I asked in recent times in the NC team and there I was referred to the text app. They implemented it in a PR. No clue how well it works.
How did you try it? Did you use the Vite reverse proxy feature or an external one?
Regarding your question @denisosteo:
Vite makes some assumptions about the project structure. This does not match with the NC structure thus you need some mapping done here.
Explicitly formulated, Vite assumes there are dedicated frontend (HTML/JS/CSS) and backend servers. They might be mapped into one root HTTP server (using a reverse proxy) but are per se separated. Thus Vite server serves all JS/HTML/CSS content in a minimalistic frontend server. You as a dev are responsible to get data aka access to the backend.
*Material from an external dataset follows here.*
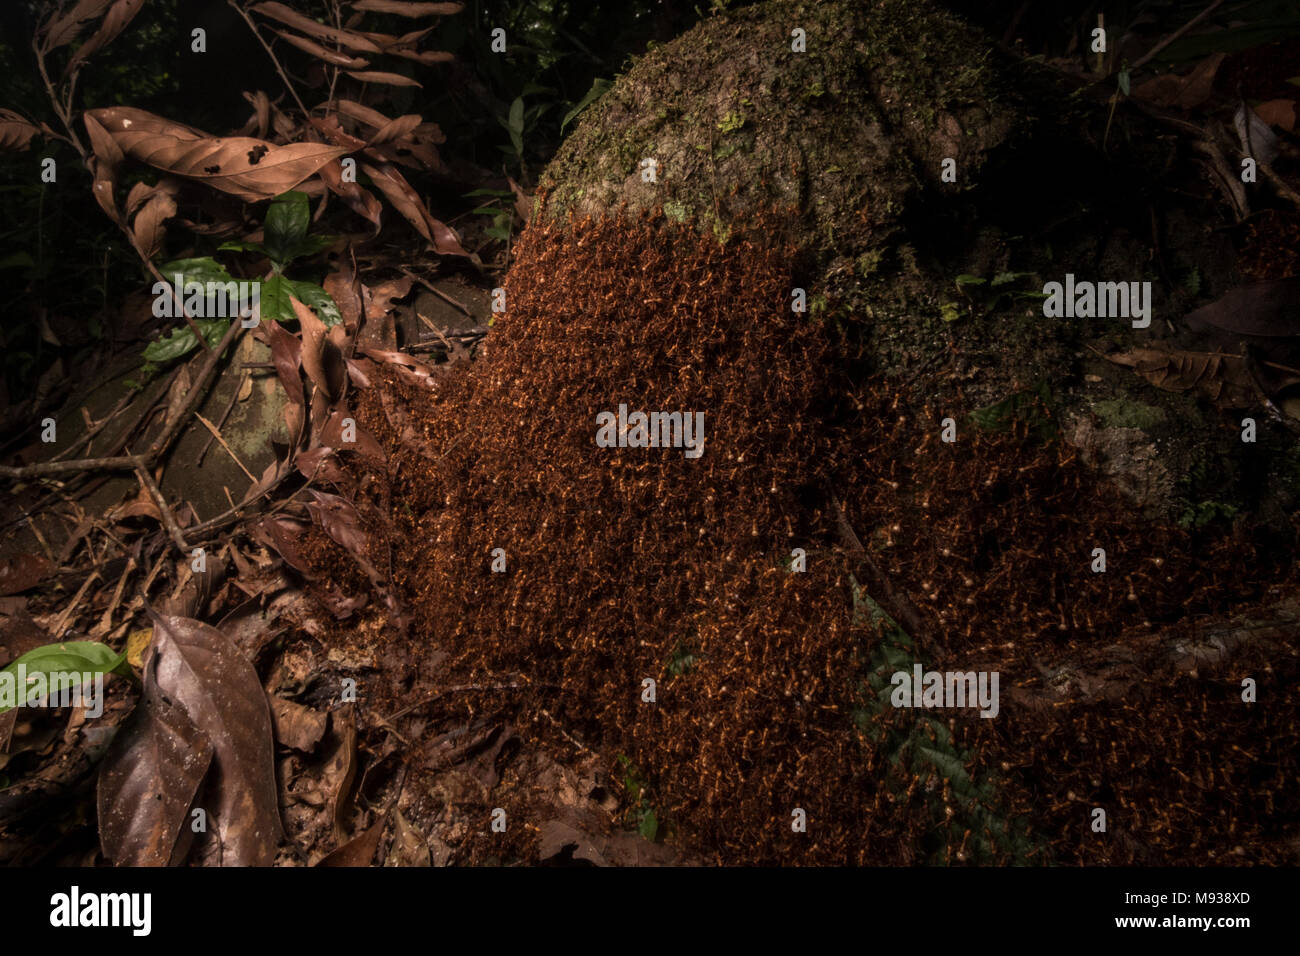 Una horda rebosantes de army hormigas utiliza su propio cuerpo para construir su hogar temporal, este móvil ant nest es llamado un vivac para army hormigas Foto de stock

With NC, we do not have one monolithic frontend but each app has their own. As a consequence, there are frontend-related URLs in the complete HTTP tree distributed.
The dev using Vite must now decide on how to handle this. Theoretically, there are a few options. Let’s assume, we are talking about an app foo in the custom_apps folder (just to show what kind of URLs are involed):
/apps/foo: the main HTML page is servered
/apps/foo/data: some data is available as REST endpoint
/ocs/v2.php/apps/another-app/bar additional endpoints needed (e.g files) to obtain data
/custom_apps/foo/js JS files of Foo
/custom_apps/foo/css CSS of Foo
By default, the Vite server will serve the current project under /. Thus, the CSS files would be /css.
External proxy
You could forward all requests to /custom_apps/foo/{js,css} to the vite server and the rest to the actual NC server. This is what the text app did.
This means, you have to configure your local dev server/proxy to work with your local dev environment. Especially in a docker environment, this can get a bit hairy as you have to access the host OS from within a container. Also, you can only work on one instance at a time as each vite server runs on a different port. So, you might need to adopt your config regularly.
Configure Vite proxy
Vite knows of the overall problem and allows you to configure an appropriate proxy. You would in the browser then go to the vite URL and Vite would route any unknown endpoint to the backend server (NC).
I would personally prefer this solution as I do not see any big drawbacks but I failed to set it up correctly. Maybe I was too quick to drop it.